INFORMATION SHOWN:
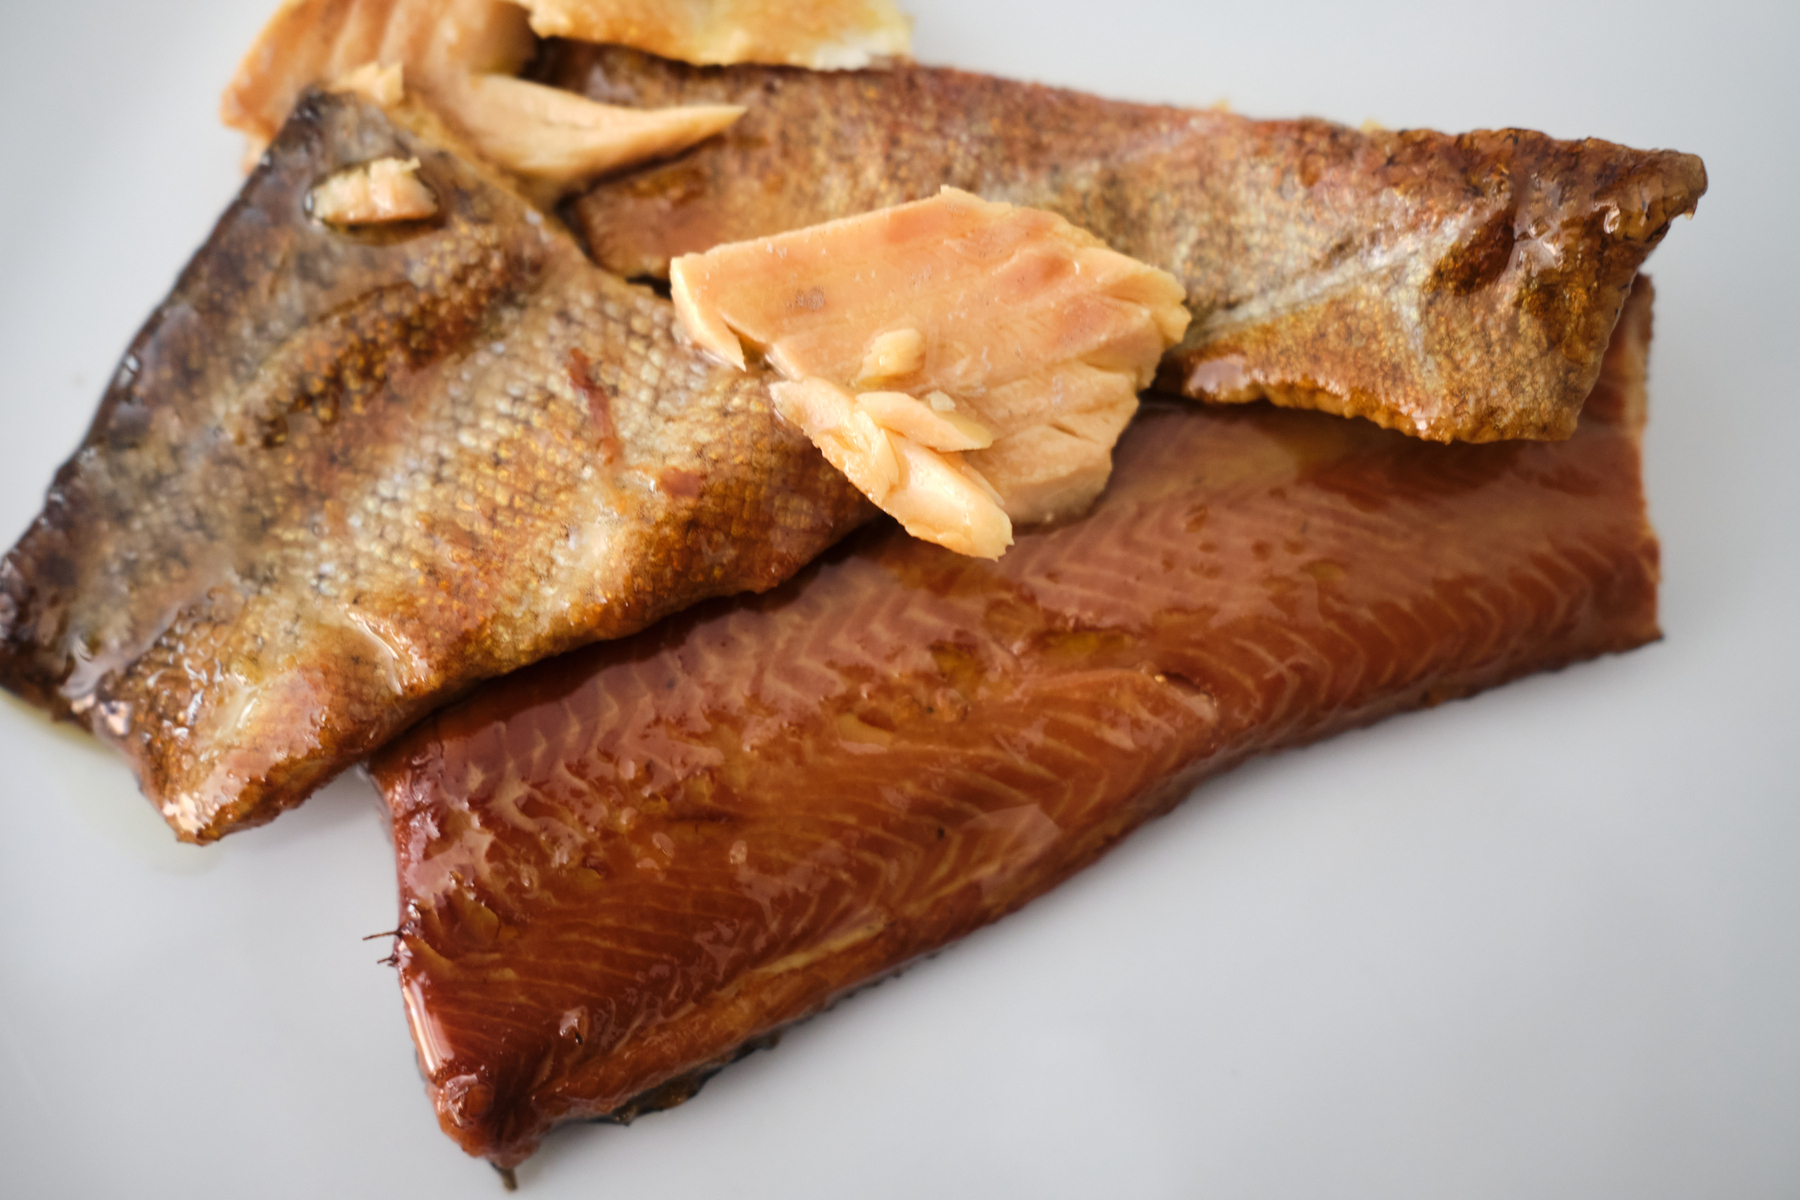 Plated filets of Jose Gourmet smoked trout, showing the flavors and textures up close. 
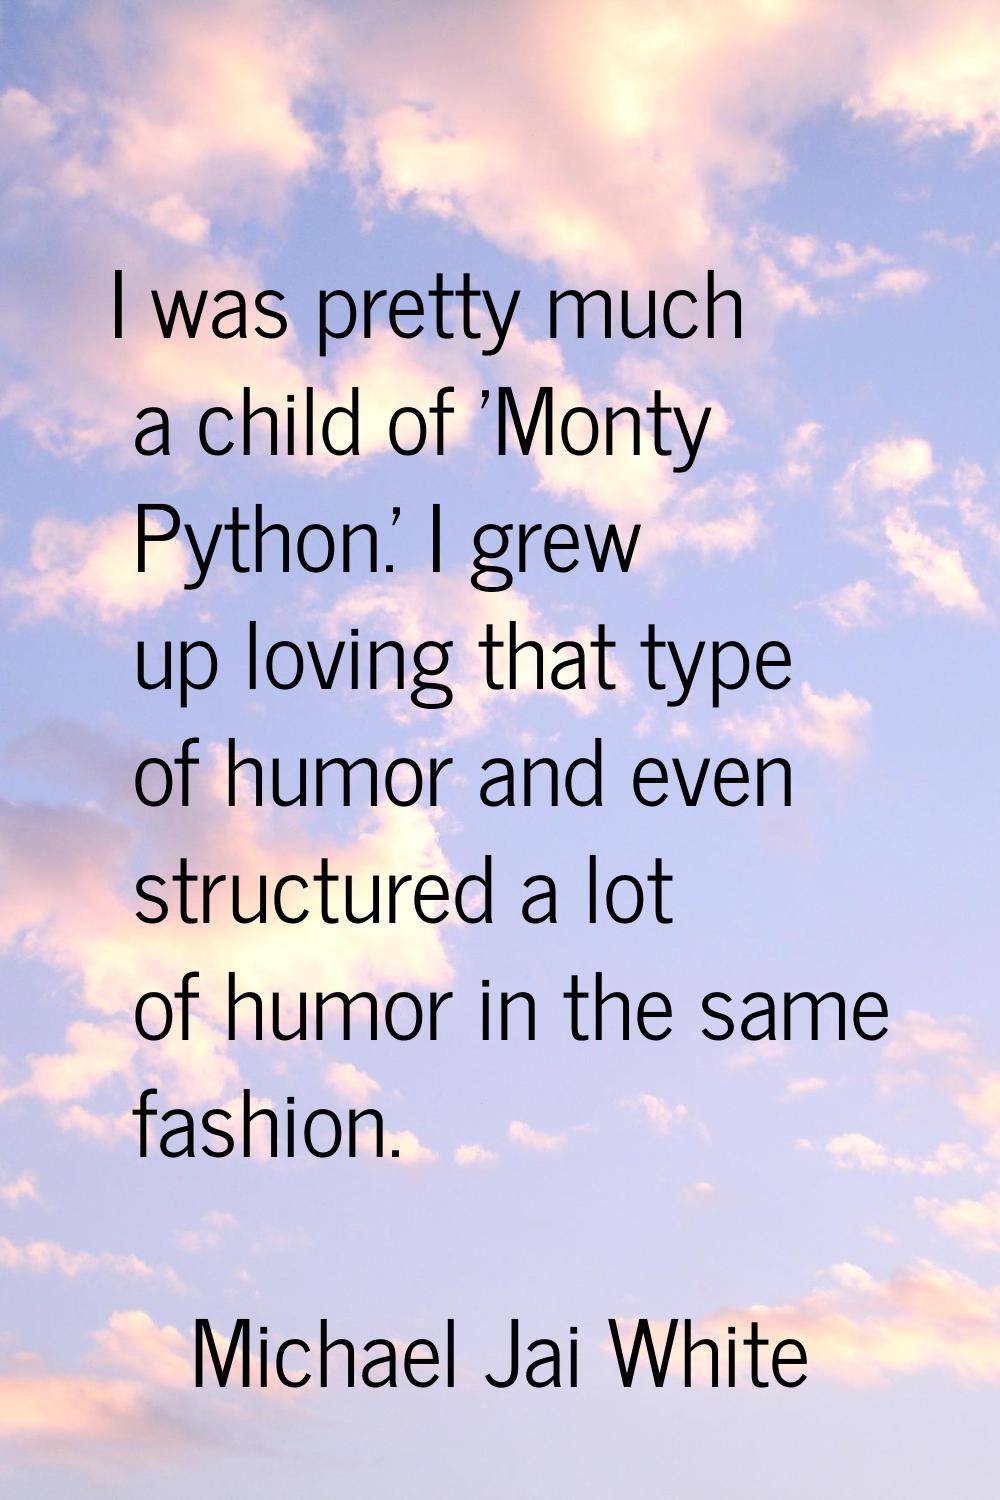 I was pretty much a child of 'Monty Python.' I grew up loving that type of humor and even structure
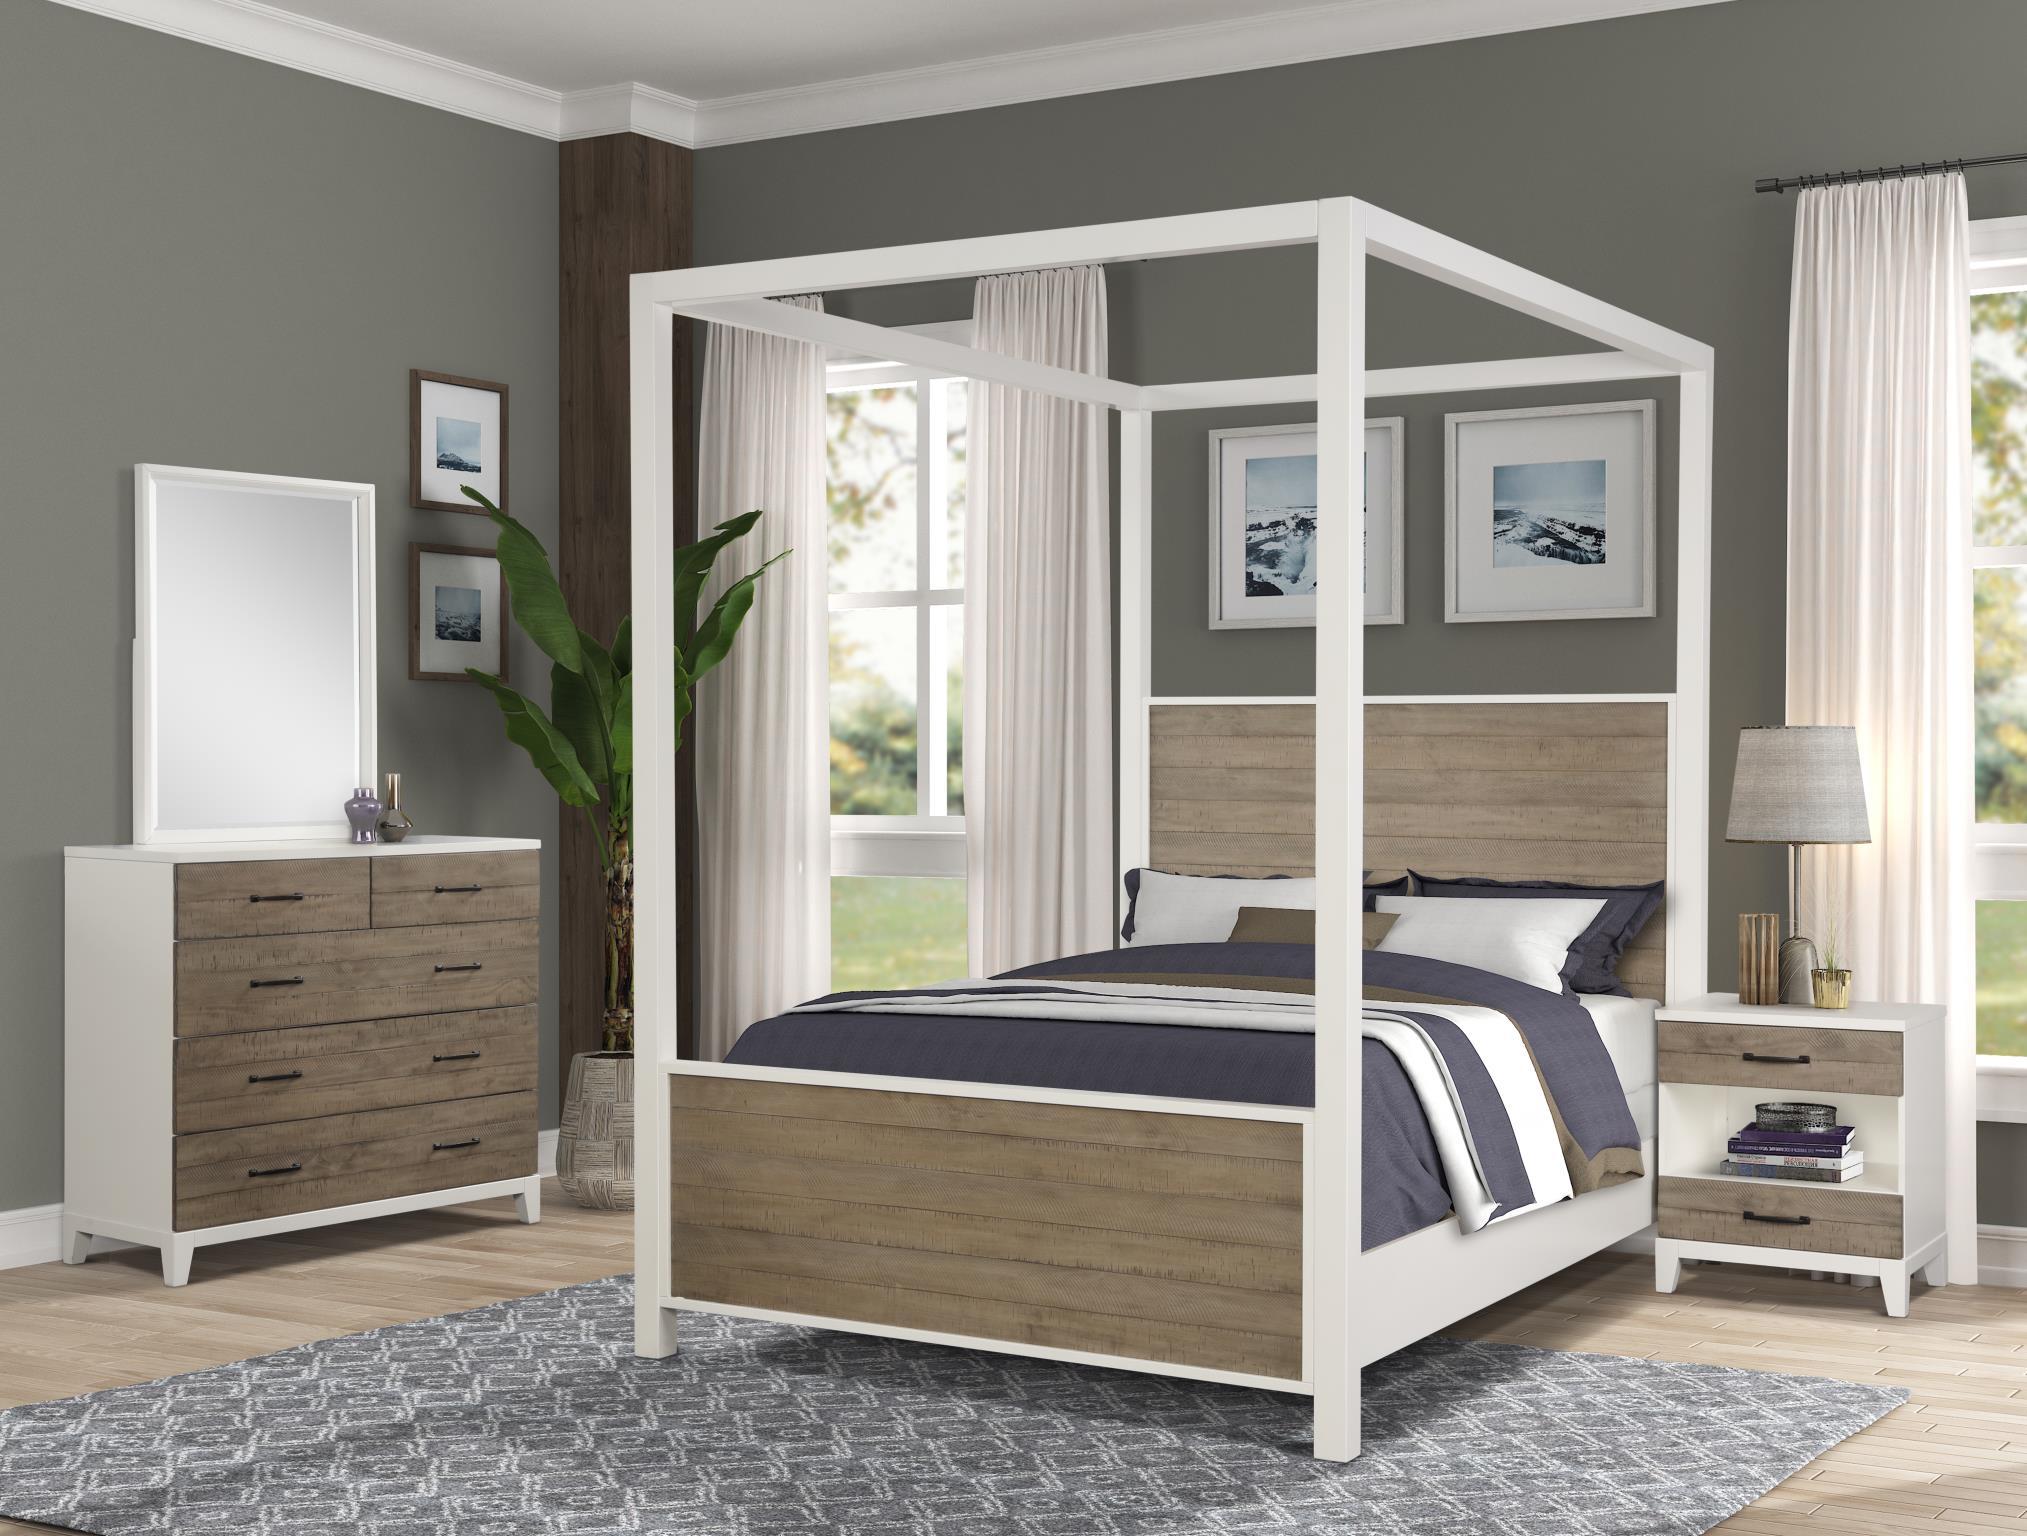 Contemporary, Transitional Canopy Bed DAYDREAMS 1288-113 1288-113 in Brown Oak

EXERCISE OBJECTIVE: Word for word, write out the full listing, leaving the pictures aside.

YOUR RESPONSE:
 Plated filets of Jose Gourmet smoked trout, showing the flavors and textures up close. 
 I was pretty much a child of 'Monty Python.' I grew up loving that type of humor and even structure
 Contemporary, Transitional Canopy Bed DAYDREAMS 1288-113 1288-113 in Brown Oak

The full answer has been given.